The weather forecast suggest this will be the last sunny day for some time. Strong winds and rain are expected tonight and through tomorrow and intermittently for the rest of the week. Work was dragging me down. The relations of production can be physically and mentally exhausting at times. I needed air and I could spend my lunchtime walking up the hill to take some pictures of a couple of Anderson shelters. They could be used to illustrate this piece of writing.

A young woman pushing a pram stopped to ask me, in a friendly manner, why I was taking photographs.
‘I’m in interested in the history of the area and the buildings’. I pointed to a two storey brick building that might have been a workshop with storage space.
‘You can see it’s got the remains of a pulley up there. They must have hauled things up and stored them up there’.
‘You know, I’ve never noticed that’, she said
‘And that used to be a pub’.

There were many pubs round here at one time. It would have been a very different place. There would have been huge amounts of social interaction and local conversation.

She was so bright and breezy with her baby.
‘Enjoy your day’, she said, with a lovely inflection of voice.

The path near the Anderson shelters was busy. A dog walker, then another dog walker, a woman and a man, him on a scooter, ‘thanks mate’, as I stood back to let them past. Was I going to be able to take this photo? Another woman, this time with two dogs. I stood back again.

‘There’s a couple of Anderson shelters down there’ I said.

‘This used to be lovely’, she replied. ‘This bloke did all the work. Full of roses. You can see the cherry tree’.
I hadn’t noticed that.
‘But when he died, it’s just been neglected’.
‘Who owns it?’ I asked,
‘The council. Not sure anyone’s doing anything with it now’.

It is overgrown and neglected.
‘There’s a bike in that shelter’, she said, ‘there might even be something living there’.

And then she started talking about homelessness and how bad it is that so many people don’t have somewhere proper to live.

We shared anecdotes about the poor quality of the new build housing that springs up here and there.

‘It’s all about money’, she said, in the sort of voice that simmers with anger. She looked at me full on as she said this, her blond-grey hair blowing in the wind across her face. Whose side are you on? What do you think about this state of affairs? A lot of politics are carried by unspoken gestures. Street politics. If only this could be organised, articulated, amplified, socialised.

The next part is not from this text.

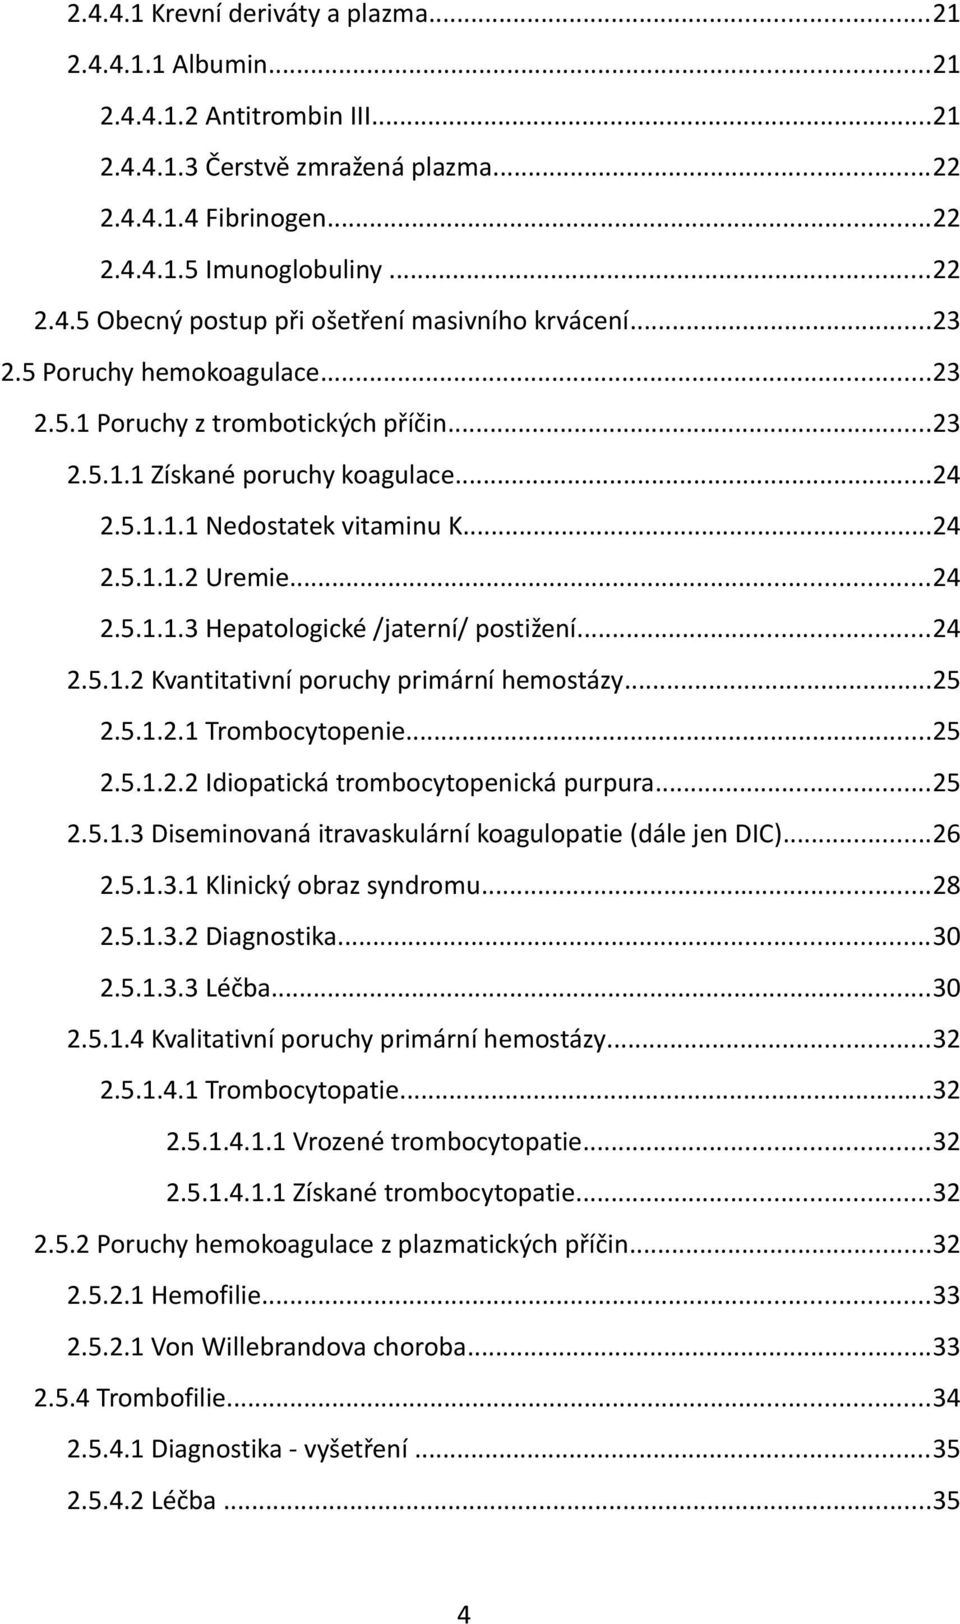 ..24 2.5.1.2 Kvantitativní poruchy primární hemostázy...25 2.5.1.2.1 Trombocytopenie...25 2.5.1.2.2 Idiopatická trombocytopenická purpura...25 2.5.1.3 Diseminovaná itravaskulární koagulopatie (dále jen DIC).

Each evening after work, more and more of The Making of the English Working Class. EP Thompson constantly brings the people to life, alive inside a socialist theory in which there are two classes in opposition. The cold calculating yeoman, parsons and well to do of the English villages and market towns who organised into small groups to enclose the commons; while at the same time passing laws and using police spies, deportations, hangings, fines and imprisonment to stop the agricultural labours, mechanics, artisans and factory workers from combining.

Thompson captures the way the wind blows across the fields in the early spring and how a labouring gang on their way to dig and hoe might stop to enjoy the blossom in the hedgerows. He captures the nuances of the way the small things can mean so much to the poor. The ability to graze a cow by the side of the road, the liberty to glean the fields to supplement the family diet, all the ways people find to live around the edges.

How the ideas of rights and justice and fairness are so deeply engrained in the minds of the working classes. How again and again the working classes have attempted to organise and have been met always with state persecution, chicanery, lies, counter revolution. And yet how again and again, each new generation has not given up. How the culture and language and style of the working class continues to change but how the underlying oppression of work coercion and exploitation of labour remains. How the capitalists work so hard to extort the very wages the workers are paid through housing costs, transport costs, energy costs, food costs, disproportionate taxation and a thousand other ruses.

The local streets have proven to be the perfect place to study Thompson’s thesis of the making of the working class. In terms of history, in terms of class relations, and in terms that we need to know where we come from. In order to understand where we want to go.